# Is this a columbia military bike?



## fxo550 (May 8, 2020)

My friend in Puerto Rico want to know the year and if this bike is a true military bike. 
Thnks














Sent from my iPhone using Tapatalk


----------



## Whitey1736 (May 8, 2020)

Looking purely at the fact that I don't see the added rear brace, I would say no.
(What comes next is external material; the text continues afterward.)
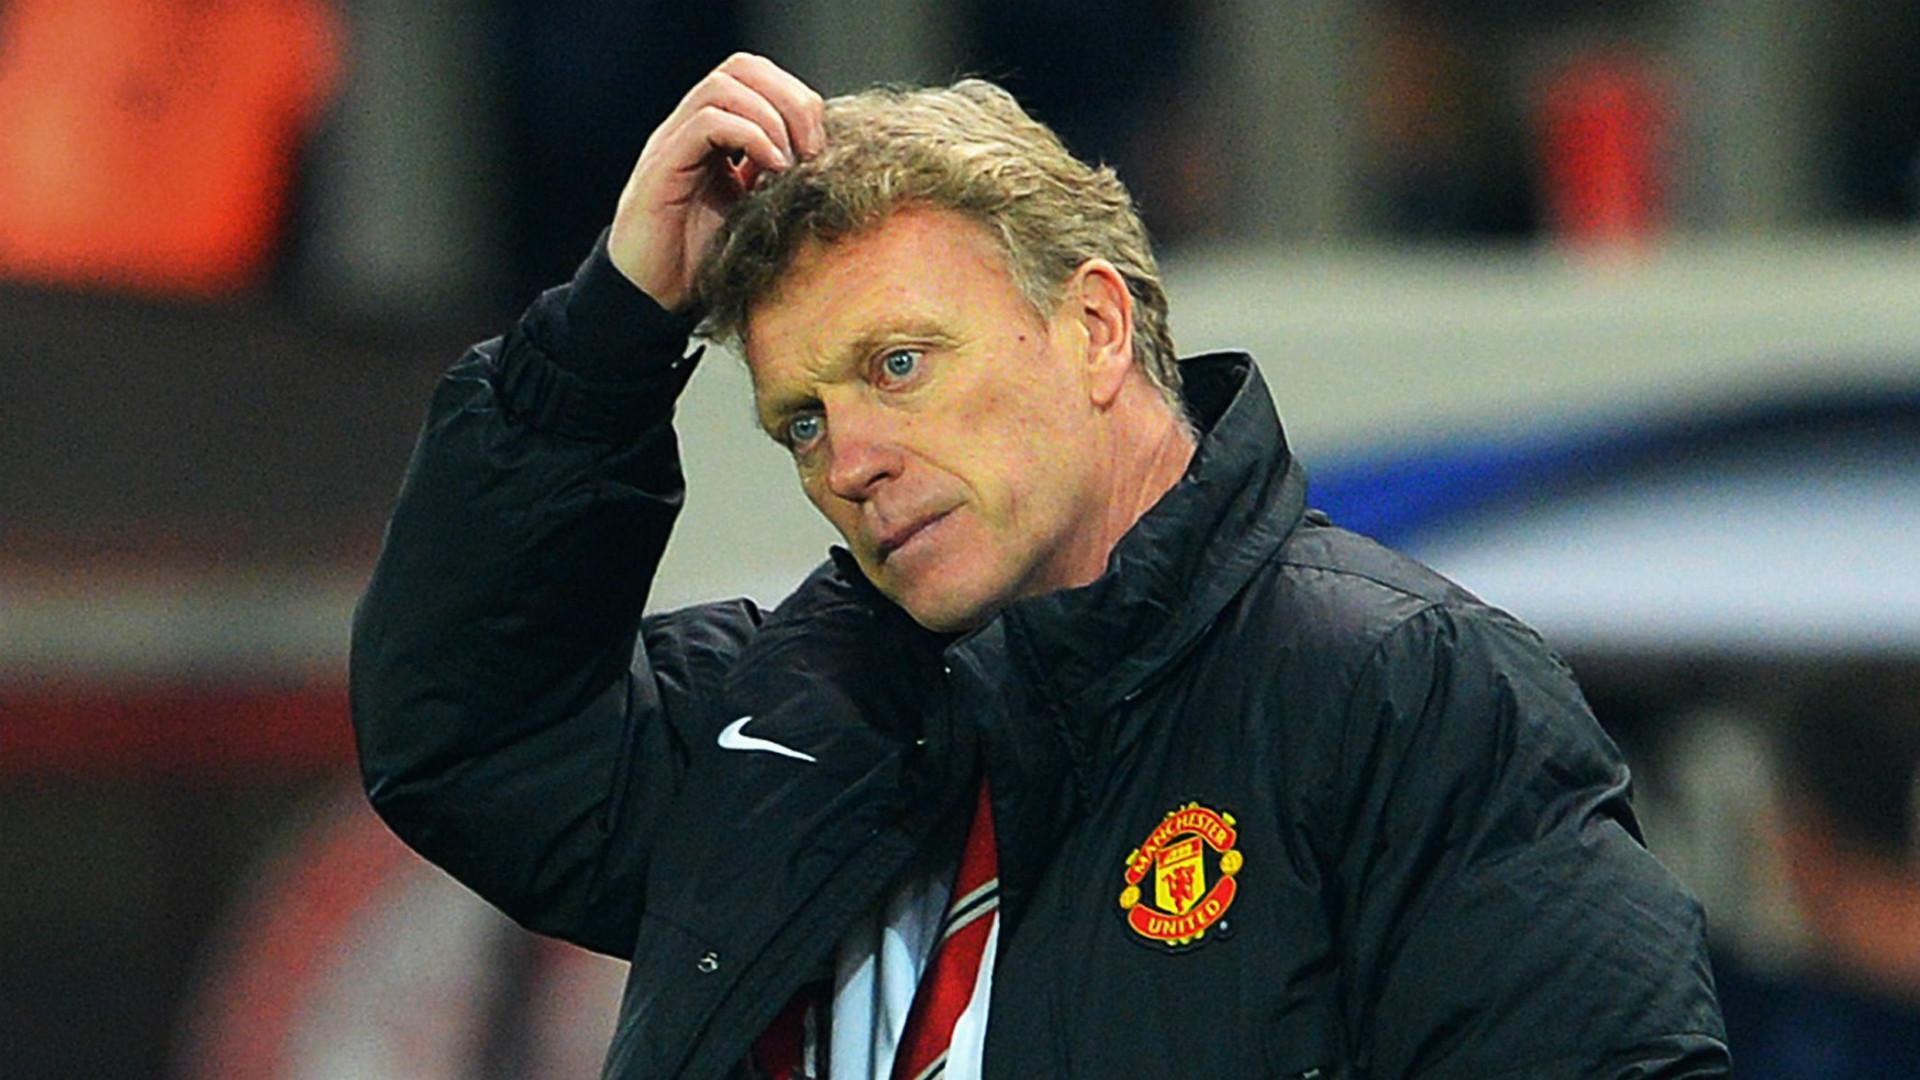 West Ham annonce le départ de David Moyes — Officiel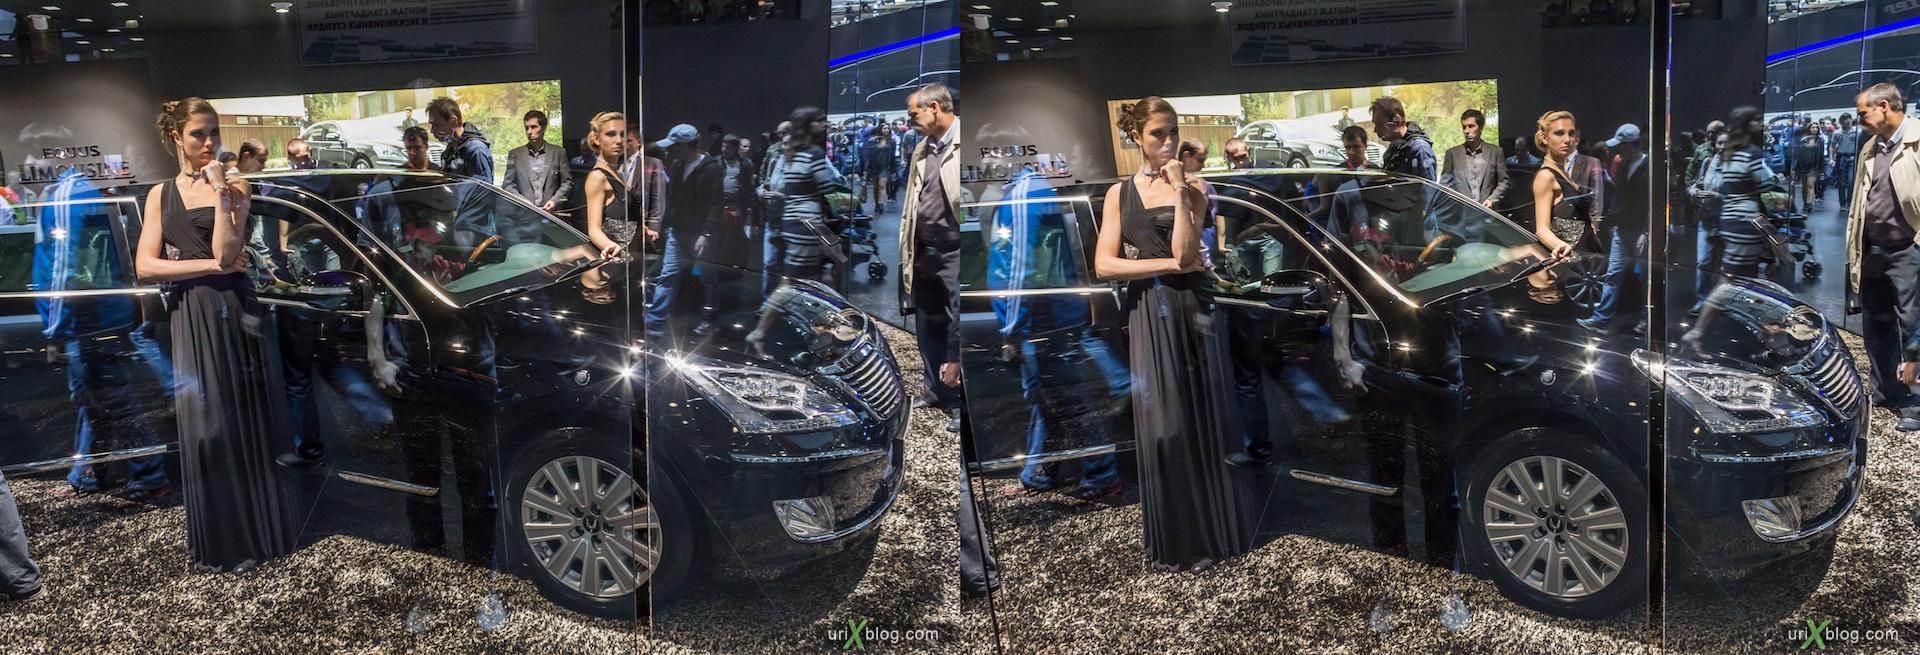 2012, Hyundai Limousine, девушка, модель, Московский международный автомобильный салон, ММАС, Крокус Экспо, 3D, стереопара

I would also say the lamp pre-dates the bike.


----------



## blackcat (May 8, 2020)

Hello;
It's a early Folding Compax "Sport Traveller" Lightweight of January 1942 (J for 1942 and 1 for January).He 's a civilian bike.
Regards;
Serge


----------



## Mercian (May 8, 2020)

With a post 1945 chain ring also. But a nice 1941-1944 musette bag.


----------



## blackcat (May 8, 2020)

Hello Adrian;
Yes, i was also saying to myself...
Regards;
Serge


----------



## HUFFMANBILL (May 8, 2020)

The main tube, which separates under the sliding steel sleeve appears to be lug constructed where it attaches to the head and the seat down tube as seen on 1941 compax bikes.   Even though the frame date code J1 indicates a Jan. 1942 frame the lug construction may have been a in stock leftover from the previous year.

Regards,
Bill


----------